I saw great contrast between the diversity of the assembled honored guests, including people with visible disabilities, and the old men and younger women who were introduced to confer degrees on the graduates, from the Graduate School of Education to the School of Nursing to the Graduate School of Arts and Sciences to Wharton School.
Among the watchers, I know now, were two friends from the Student Disabilities Office, Alice Nagle and Troy Odom, who had endured the downpour that preceded the ceremony to arrange chairs so there would be spaces for those people in wheelchairs who come to watch someone graduate. When my wheelchair wasn’t in the expected place—I had marched part of the way, and rested in a different chair during the procession of graduates, and needed a chair again to sit through the ceremonies—a marshal had known to go and find Alice or Troy.
And there was Jodie Foster, slightly smiling through what had turned from downpour to drizzle and mist. Although there was a canopy that covered part of the stage, she was not under it, and got wet with the rest of us.
Contrast 1
It is a bright bright sunshiny day, but cold; Thursday January the 12th before a Friday the 13th. We had been having snowfalls every other day; this was a day free of snow, but there was fresh snow covering the mounds of plowed snow. I am meeting at what my shaky memory says is an outdoor café, where with a group of friends, a havurah, we enjoy the camaraderie, and anticipating the successful execution of an event we are jointly planning.
The meeting breaks up; I board a bus for home.

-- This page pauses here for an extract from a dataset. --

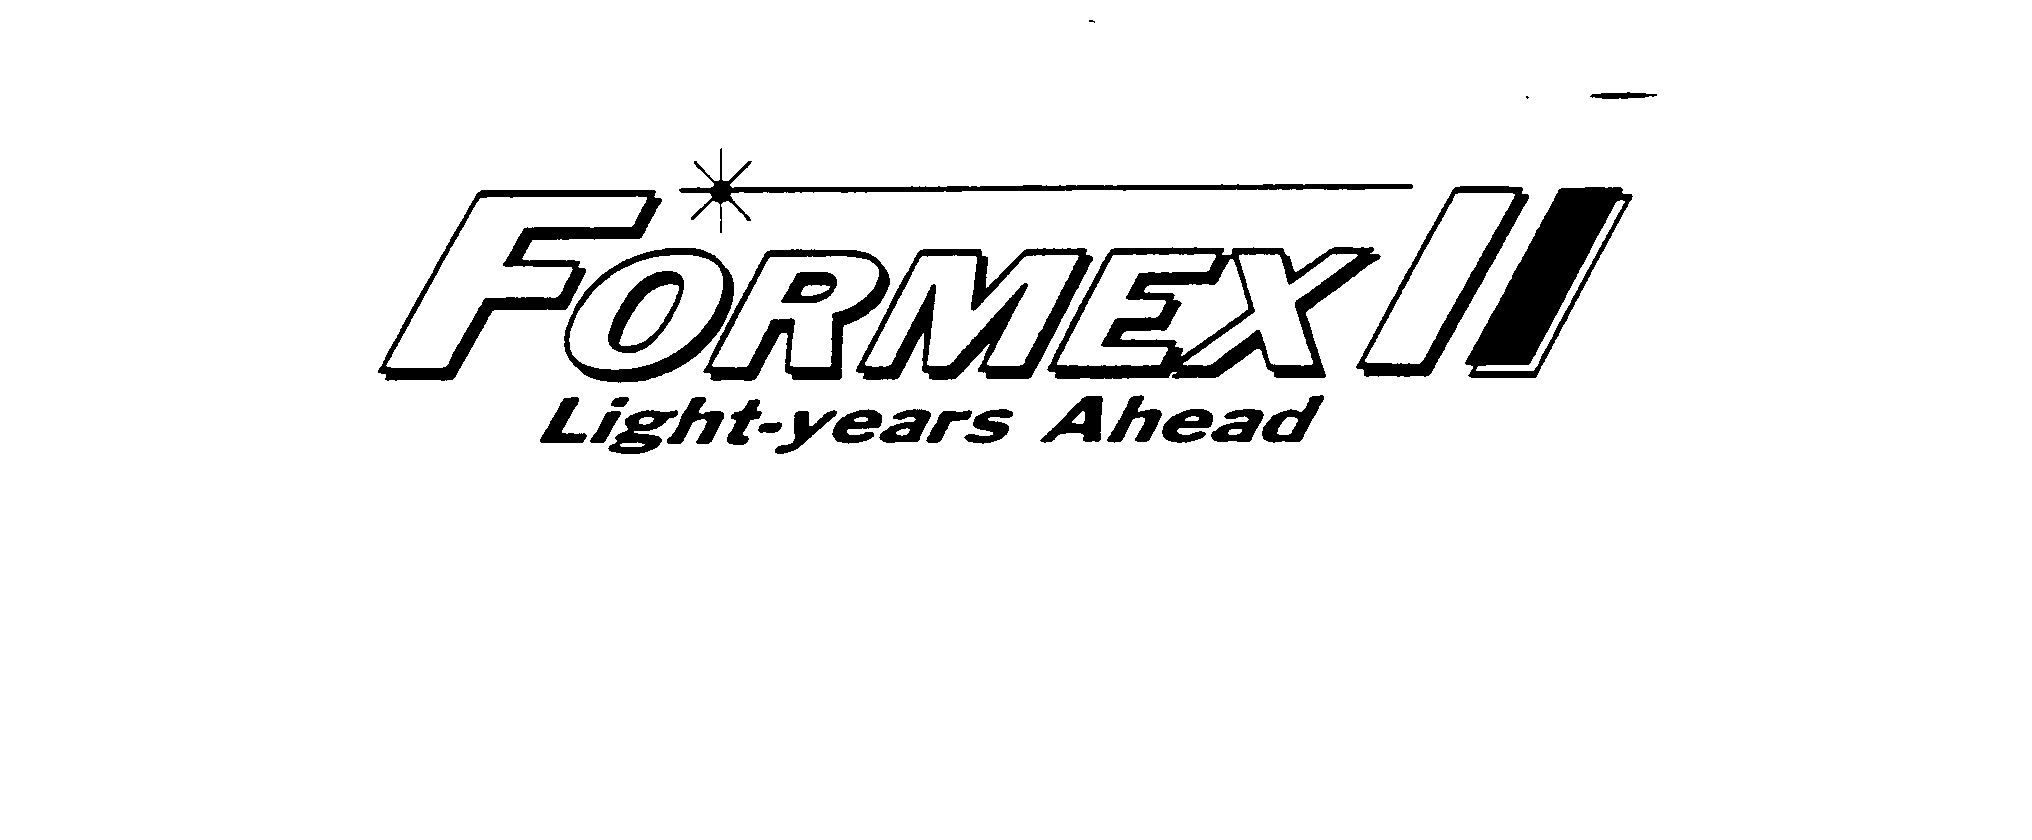  FORMEX II LIGHT-YEARS AHEAD

I remember that on the bus I had the chance to get off and deliver a job application, and decided to skip it. That is the last thing I remember–the rest is reconstruction: I got home and discovered that we (my college-student daughter Alyssa and I) were out of cat food. I went out again, on my way to a convenience store some four blocks away. I never got there.

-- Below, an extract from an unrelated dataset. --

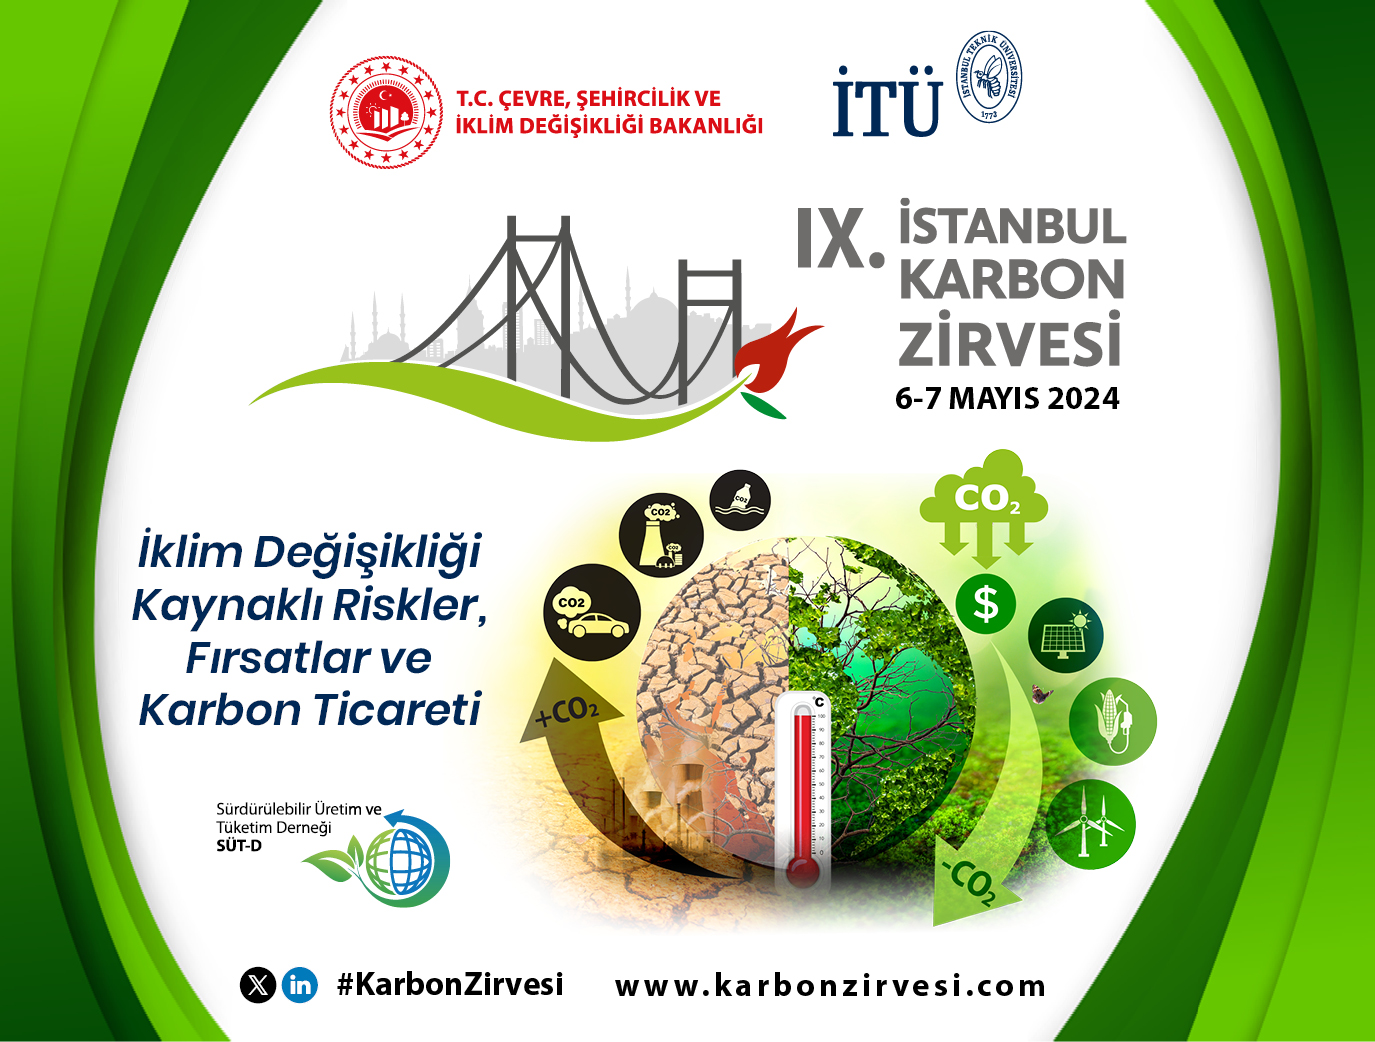 9. İstanbul Karbon Zirvesi

As I approached the larger street halfway to the store, as the bright sunshine turned to dusk, a woman named Carla Martinez was leaving work, three blocks away from the school zone where I planned to cross. She was in a hurry; her windshield was covered with frost, but she thought she didn’t have to clear away the frost—it would soon be gone as the car warmed up. I begin to cross the road as she got up to speed. She hit me going 30 or 40 miles an hour. And stopped. As I reconstruct what happened next, she dissolved in hysterics. A passing motorist stopped, tried to calm her, determined I needed an ambulance, and left to find a phone to call 911. I very very dimly think I remember the flashing lights and people asking me questions. What’s your name? Where do you live? What country? What year is this? Who is the President? I knew my first name. I said I lived in Philadelphia, in Canada (I think). The year was 1989—but odds are I could not answer the question. I didn’t know who was the President. Throughout the confusion that followed, and that I don’t remember, I kept hearing “Sigrid” and being confused; were they calling me? what was I supposed to do? Did they mean me, or somebody else named Sigrid? Where was this, anyway? Was that pain that I felt mine? Was somebody still hurting me? Why was everything so dark?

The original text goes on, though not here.